As we specified it to have 100 estimators, that is exactly the amount it has in the `estimators_` property:

In [None]:
print(len(rfc.estimators_))


And what's even better, we can visualize each tree individually using the `plot_tree` function:

In [None]:
from sklearn.tree import plot_tree
import matplotlib.pyplot as plt


plt.figure(figsize=(10, 10))
plot_tree(rfc.estimators_[0], feature_names=iris.feature_names, class_names=iris.target_names, filled=True)
plt.show()


Examining trees one by one is not actually realistic, but it is still interesting and gives us a perspective on what is happening inside the classifier.

### Feature Importance

Another interesting thing that can be done is related to another attribute: `feature_importances_`.

In [None]:
rfc.feature_importances_


This is an array where each of the entries corresponds to the features used to train the model.

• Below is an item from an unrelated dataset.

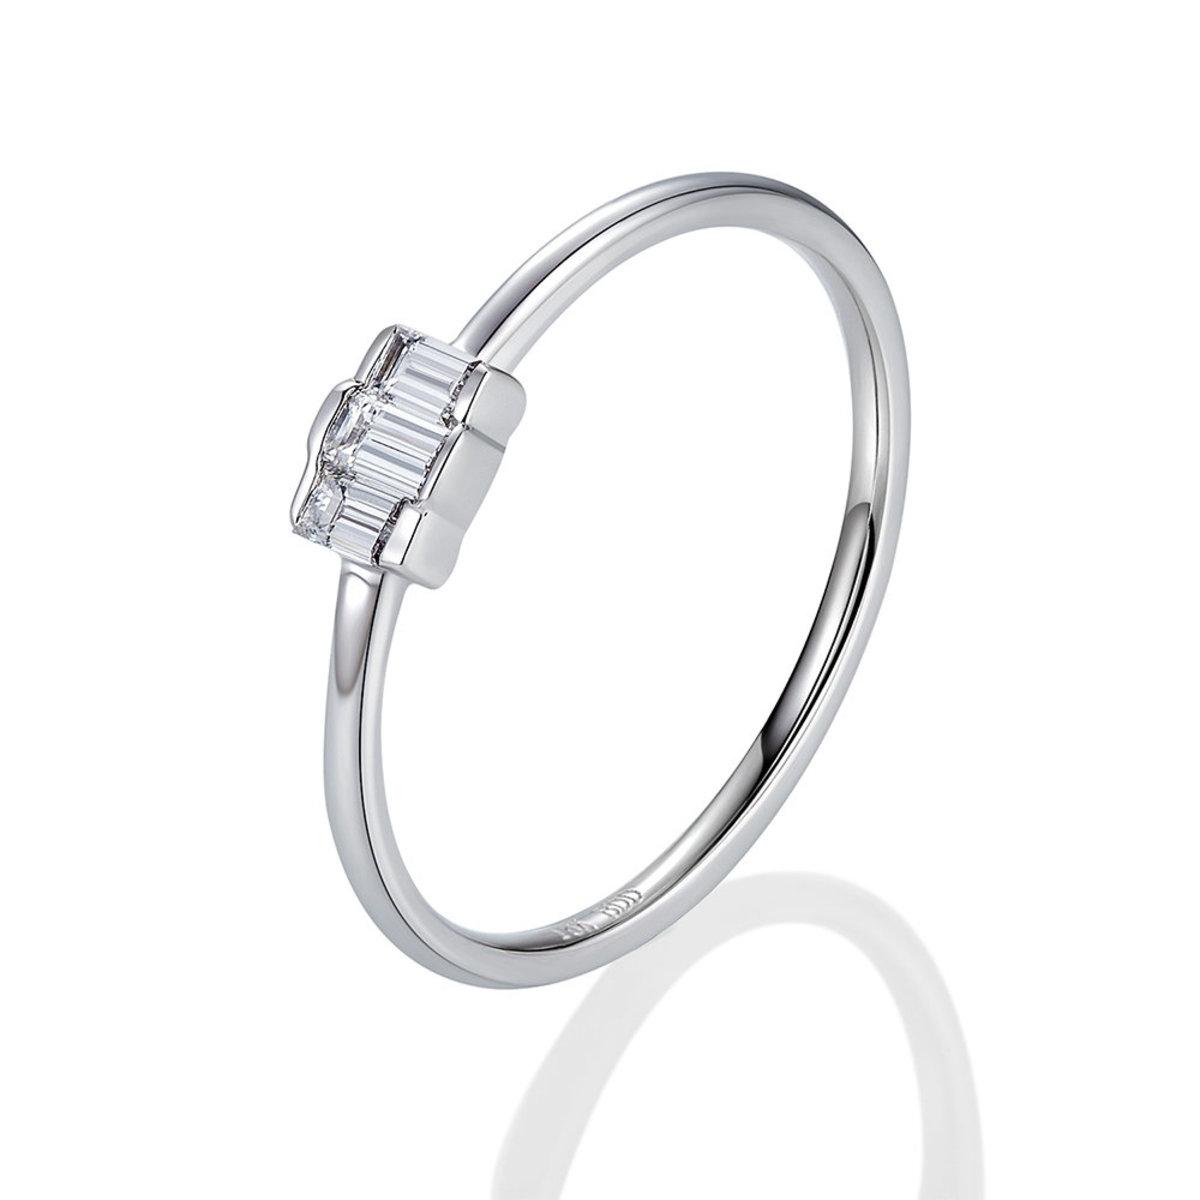 18K White Gold Diamond Ring (0.16 ct. tw.)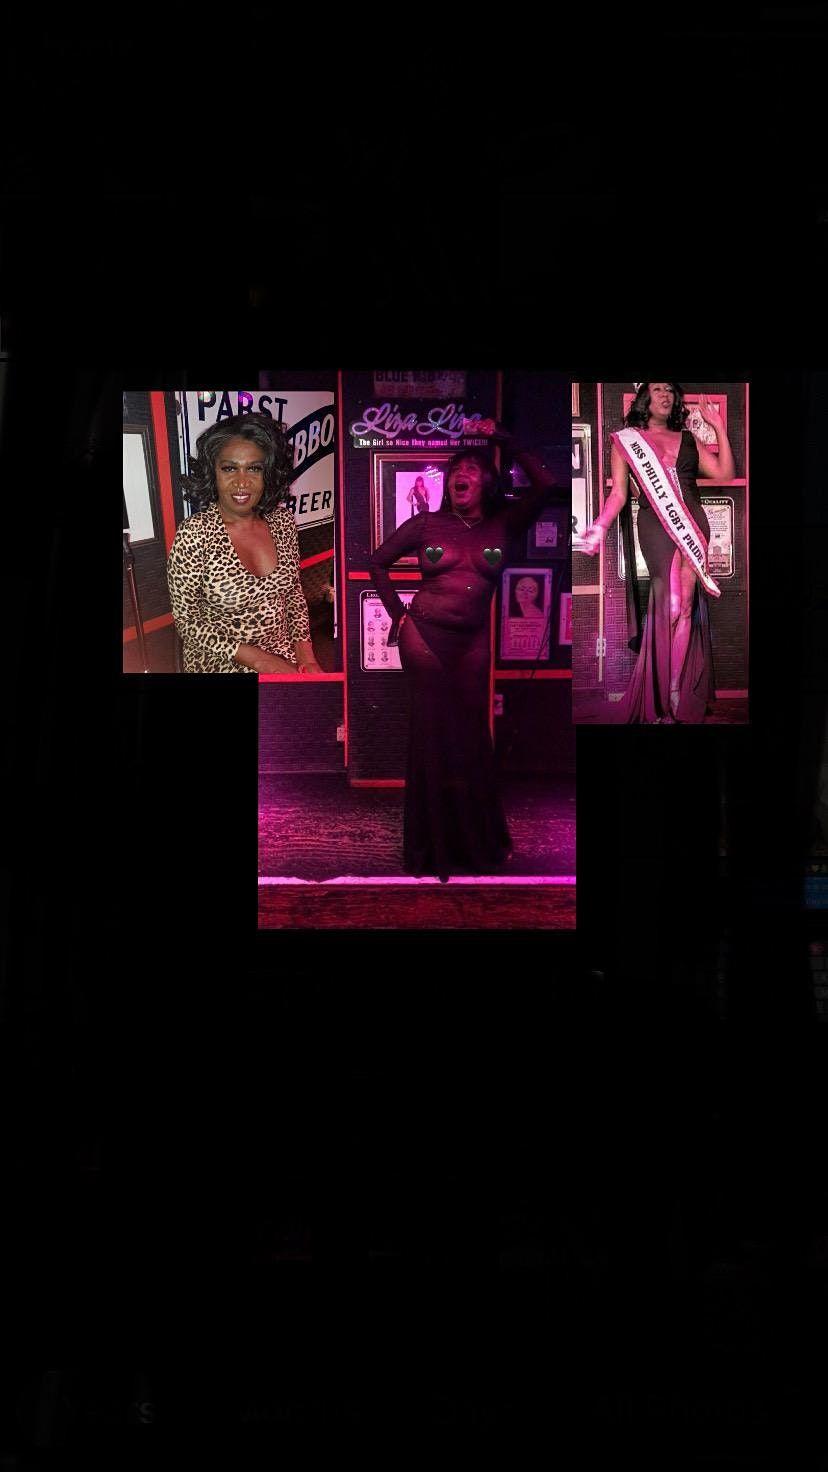 Miss Lisa Lisa's Drag Show

The array by itself doesn't say much, but we can plot them using a bar chart:

In [None]:
fig, ax = plt.subplots(figsize=(10, 6))
ax.bar(iris.feature_names, rfc.feature_importances_)
ax.set_title("Feature Importances")
plt.show()


This array and the subsequent graph allow us to visualize how much each variable contributes to the model in making its predictions. This can help us select the most important features if we want to reduce the dimensionality of our dataset.

It can also provide us with tools to interpret how the model is making predictions and try to understand its behavior.

And there you have it, we've seen some of the properties and arguments of random forests.